In some cases, reads are divided into two separate FASTQ files (BAM/SAM is not supported in this case). One file contains the column barcodes, while the other contains the row barcodes. In this case, the file with shorter reads is assumed to contain the column barcodes, while the file with longer reads is assumed to contain the row barcodes. This mode of operation requires that FASTQ record IDs match between the two input files.
Reference files map DNA barcodes to their associated identifiers. PoolQ uses two reference files to define the rows and columns found in the counts file.
The column reference file (formerly known as the “conditions” file) maps DNA barcodes to the IDs that will be presented as the columns in the counts files. Generally the columns correspond to sample barcodes, which identify unique gDNA samples representing different experimental conditions.
The row reference file (formerly simple the “reference file”) contains the DNA barcodes that will make up the rows in the counts file. Generally, the rows correspond to barcodes representing shRNAs, sgRNAs, ORFs, or other constructs utilized in a pooled experiment.
The platform reference file is an optional input file whose format is identical to that of the reference file. It consists of a master list of known construct sequences and their construct IDs. This file is used to provide construct IDs for barcodes encountered during the PoolQ run that were not expected to occur. A construct is expected to occur only if it is present in the reference file.
This argument determines how PoolQ matches DNA barcodes to those in its row reference database.

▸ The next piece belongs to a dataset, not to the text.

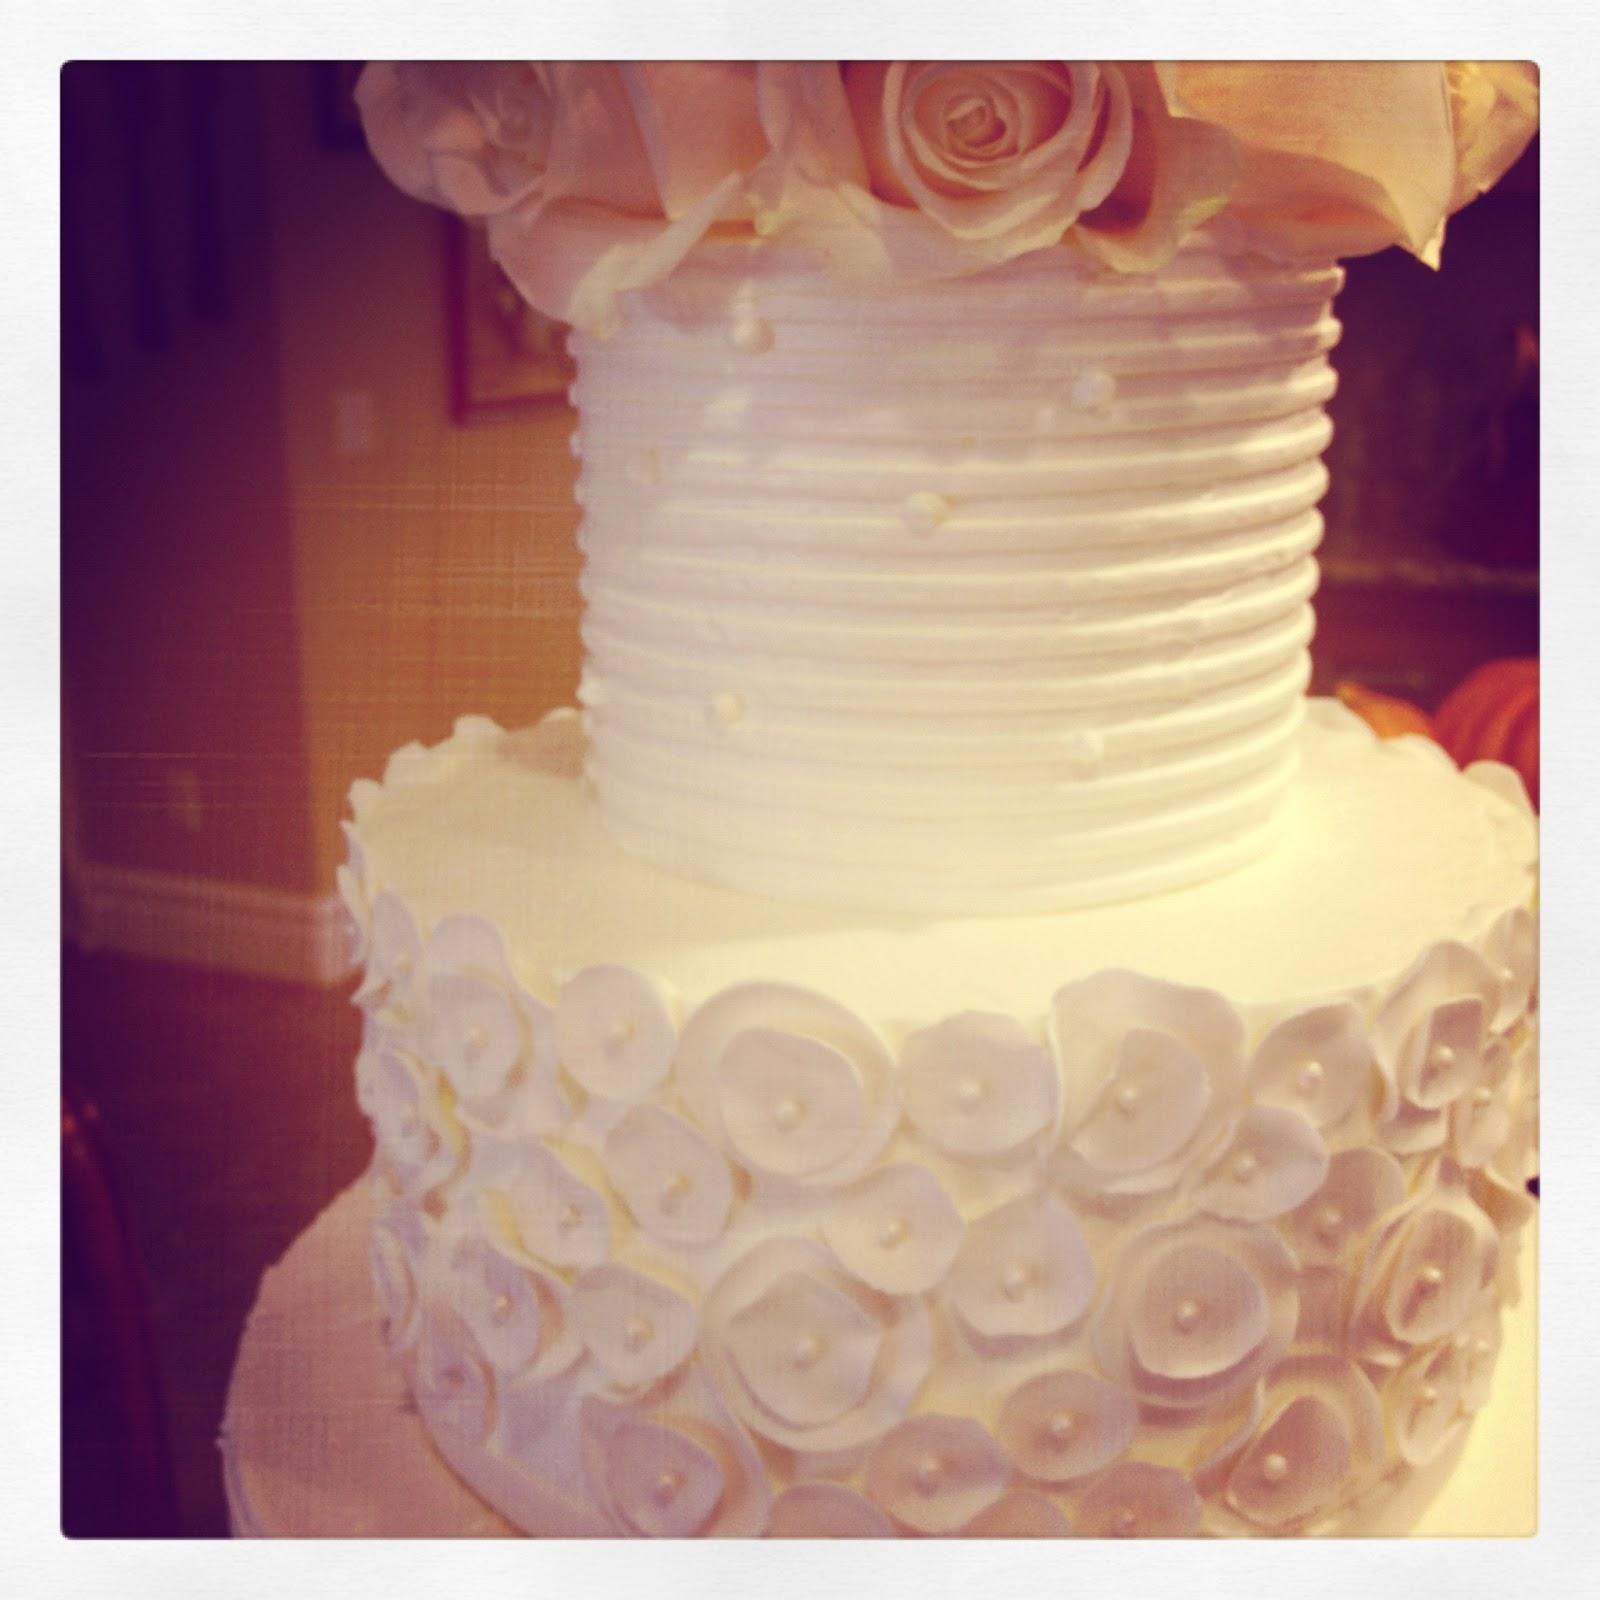 white buttercream wedding cake with white roses | BAKESHOPmarie

There are currently two supported values, “exact” and “mismatch”. Using “exact” requires every base to match perfectly; “mismatch” allows up to one base of mismatch between them (no gaps or deletions allowed).
This argument determines how PoolQ matches DNA barcodes to those in its column reference database. There are currently two supported values, “exact” and “mismatch”. Using “exact” requires every base to match perfectly; “mismatch” allows up to one base of mismatch between them (no gaps or deletions allowed).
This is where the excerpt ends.